Que pienso sobre este caso:
Ante todo no se puede perder de vista dos elementos trascendentales:
La edad del hijo, que lo ubica en la etapa de adolescencia, donde comenzaron
los principales enfrentamientos, que de por sí se caracteriza por la
rebeldía, la tendencia a la imposición de sus criterios, el deseo de
independencia y los conflictos intergeneracionales.
El otro elemento es la importante presencia de conductas violentas e
impulsivas en este hogar que han ido creando un estereotipo de respuesta y
una comunicación donde predomina la agresividad.
Estos dos elementos combinados han sido causa de una situación donde el
manejo del adolescente se hace muy difícil pues se le han dado ejemplos de
agresión, se le ha agredido incluso físicamente, pero se le censura y
cuestiona la utilización de los mismos patrones hacia los padres.
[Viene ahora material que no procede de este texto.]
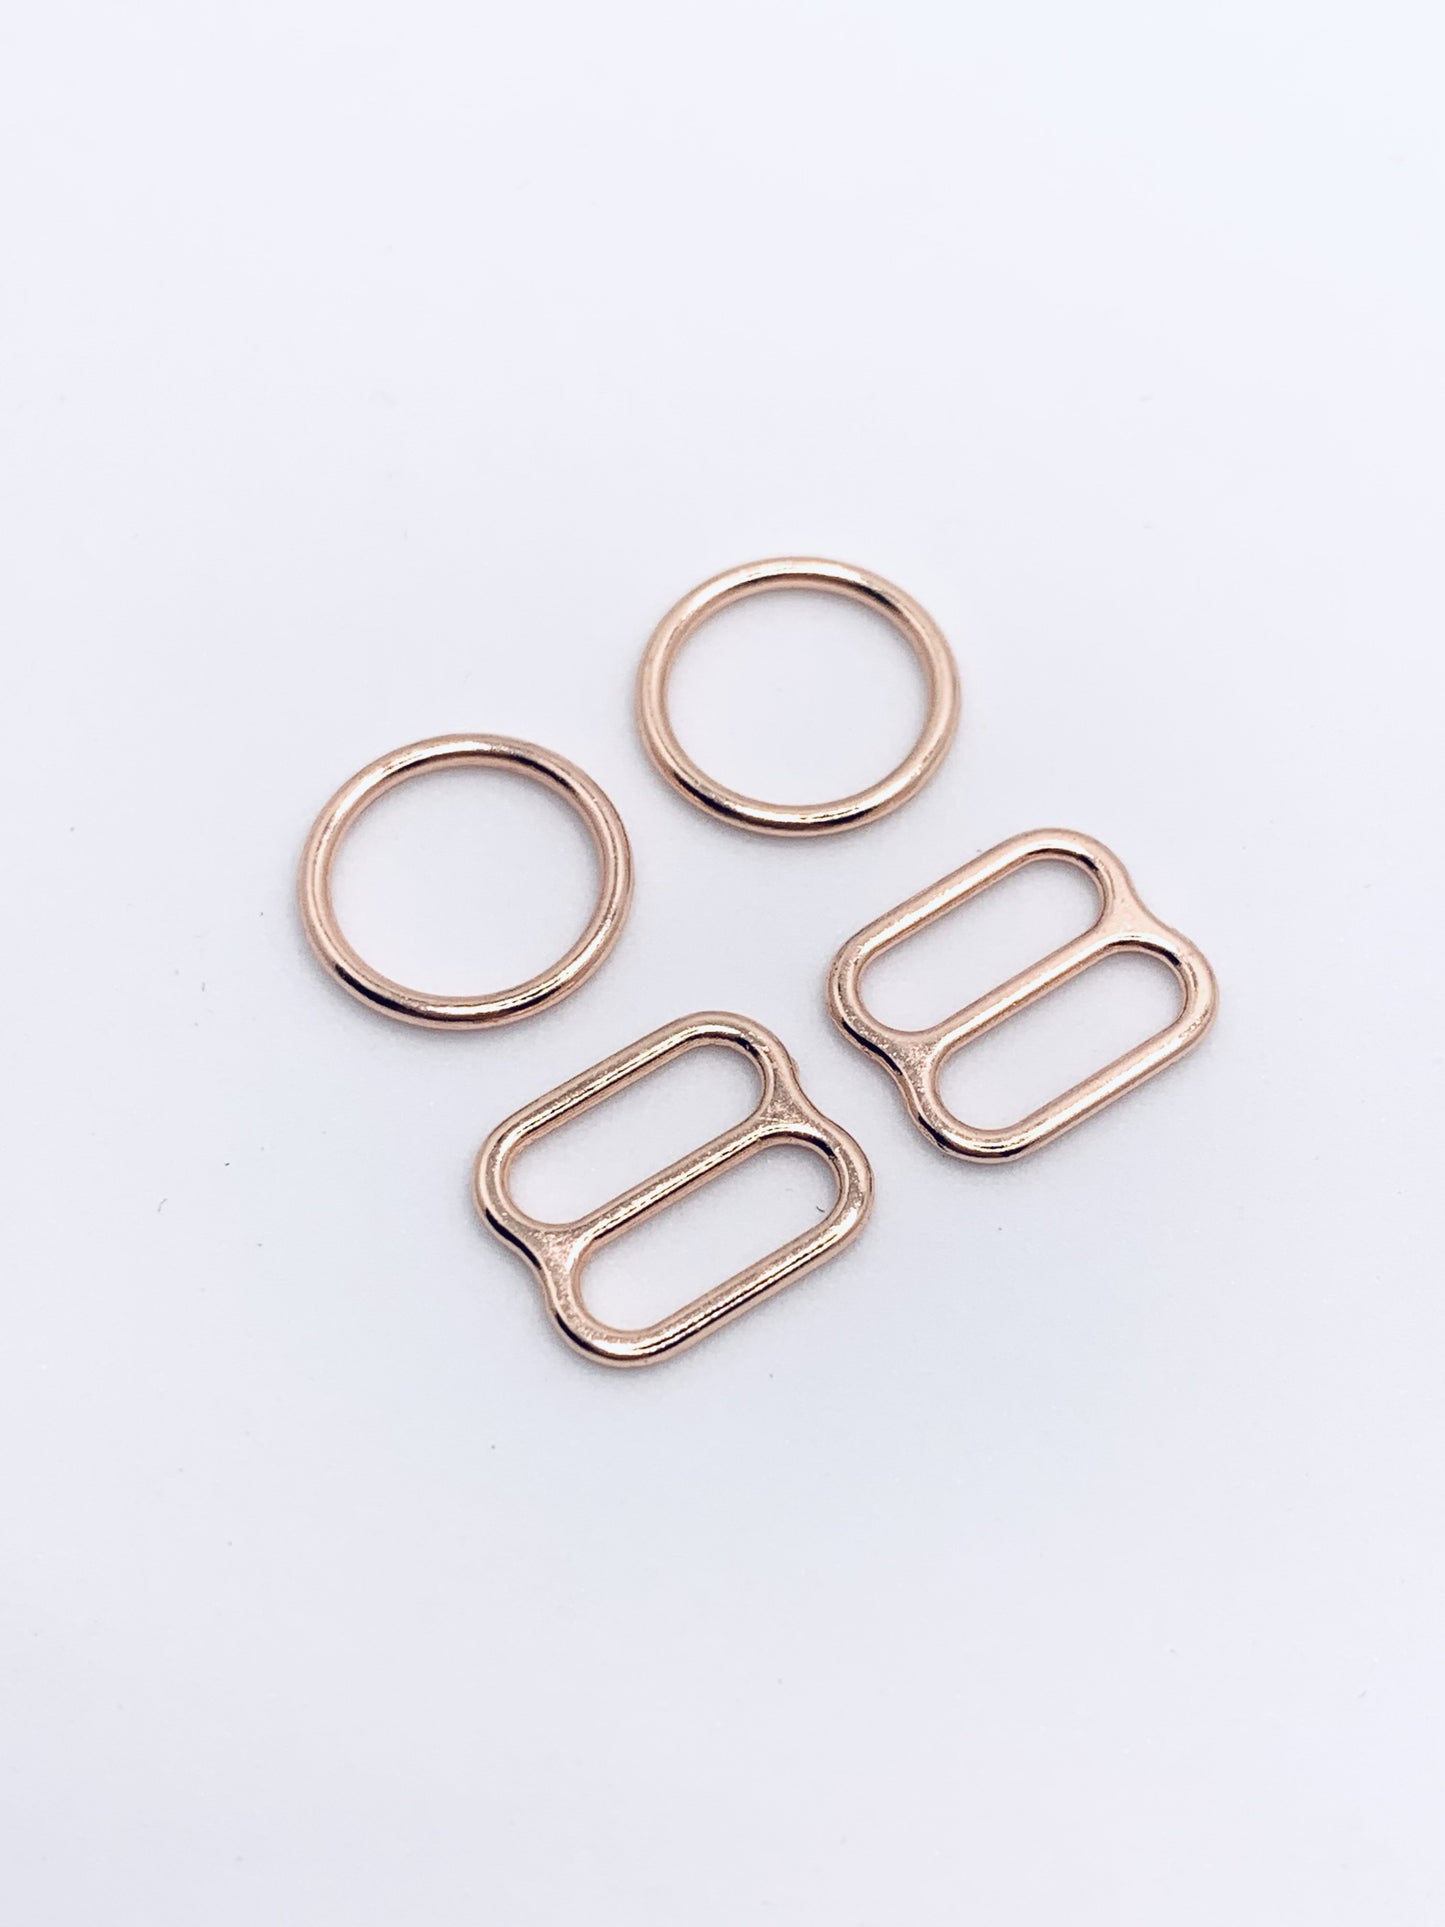 Set of 8mm Gold Rings and Sliders for Bra Making | 4 pieces

Ejemplo
claro de inconsistencia que los desmoraliza.
Hay que tener en cuenta que la agresividad es una conducta refleja, en la
misma medida que se recibe se tiende a dar, independientemente de que como
seres sociales podamos tener un mayor control sobre la misma. Control que a
un adolescente se le dificulta más que a un adulto.
En estos momentos el adolescente ha perdido la confianza y la comunicación
con la madre y le será muy difícil recuperarla si esta no establece una
estrategia de acercamiento gradual. Lo que no quiere decir que le permita
violar su autoridad. Pero tampoco que se lo imponga. La confianza es algo
que tarda mucho en conquistarse y un segundo en perderse.
Que le oriento a esta mamá:
La madre tiene que ir a conversar con su hijo y la maestra, convencerlo,
persuadirlo de regresar a la casa, no creo adecuada la idea de que esta lo
expulse , pues eso no garantizaría que él regresara a su casa y puede
quedarse sin un lugar donde sentirse seguro y protegido, empeorando con esto
la situación. Tampoco debe imponerse el regreso por la fuerza, aunque si
fuera necesario, hacerlo en última instancia dado que es un menor de edad y
debe acatar las decisiones de los mayores, más cuando su madre es su único
tutor.
Esta mamá debe cambiar su visión del hijo viéndolo más positivamente, no
culpabilizándolo de ser el responsable de las situaciones, no considerándolo
como un caso perdido. Ambos son responsables de lo que sucede, no solo él
hiere y agrede, no solo él tiene que recapacitar sobre cuánto es afectado el
otro en cada discusión.
La madre debe tener mucho control sobre sus impulsos, dar más confianza al
hijo, darle garantías de que la comunicación es posible mostrando afecto y
comprensión. No temer que su hijo pueda imponerse; si la jerarquía queda
clara el aceptará que ella es quien dirige la familia, solo que esto se debe
ser real, la madre estar segura de su rol y no ponerlo en duda en ningún
momento, siempre respetando los espacios del hijo y buscando más la
negociación y el dialogo que la imposición.
Con relación a la maestra en lugar de verla como enemiga, debería
convertirla en aliada, trabajar juntas en la educación de este adolescente
a quien evidentemente le faltan sistemas de apoyo y personas de confianza
que le brinden afecto, dado el abandono por parte del padre, la mala
relación con el padrastro y la incomunicación actual con la madre.
La adolescencia es muchas veces difícil de manejar, todos los que han
pasado por este momento en la vida de sus hijos han tenido que improvisar y
buscar recursos insospechados para afrontarla, unas veces con más éxitos que
otra, pero siempre a la larga se saca una gran experiencia de vida. 

Entonces los que han pasado por esto, ¿Qué le aconsejarían a esta madre? ¿Cómo
actuarían desde sus experiencias de vida?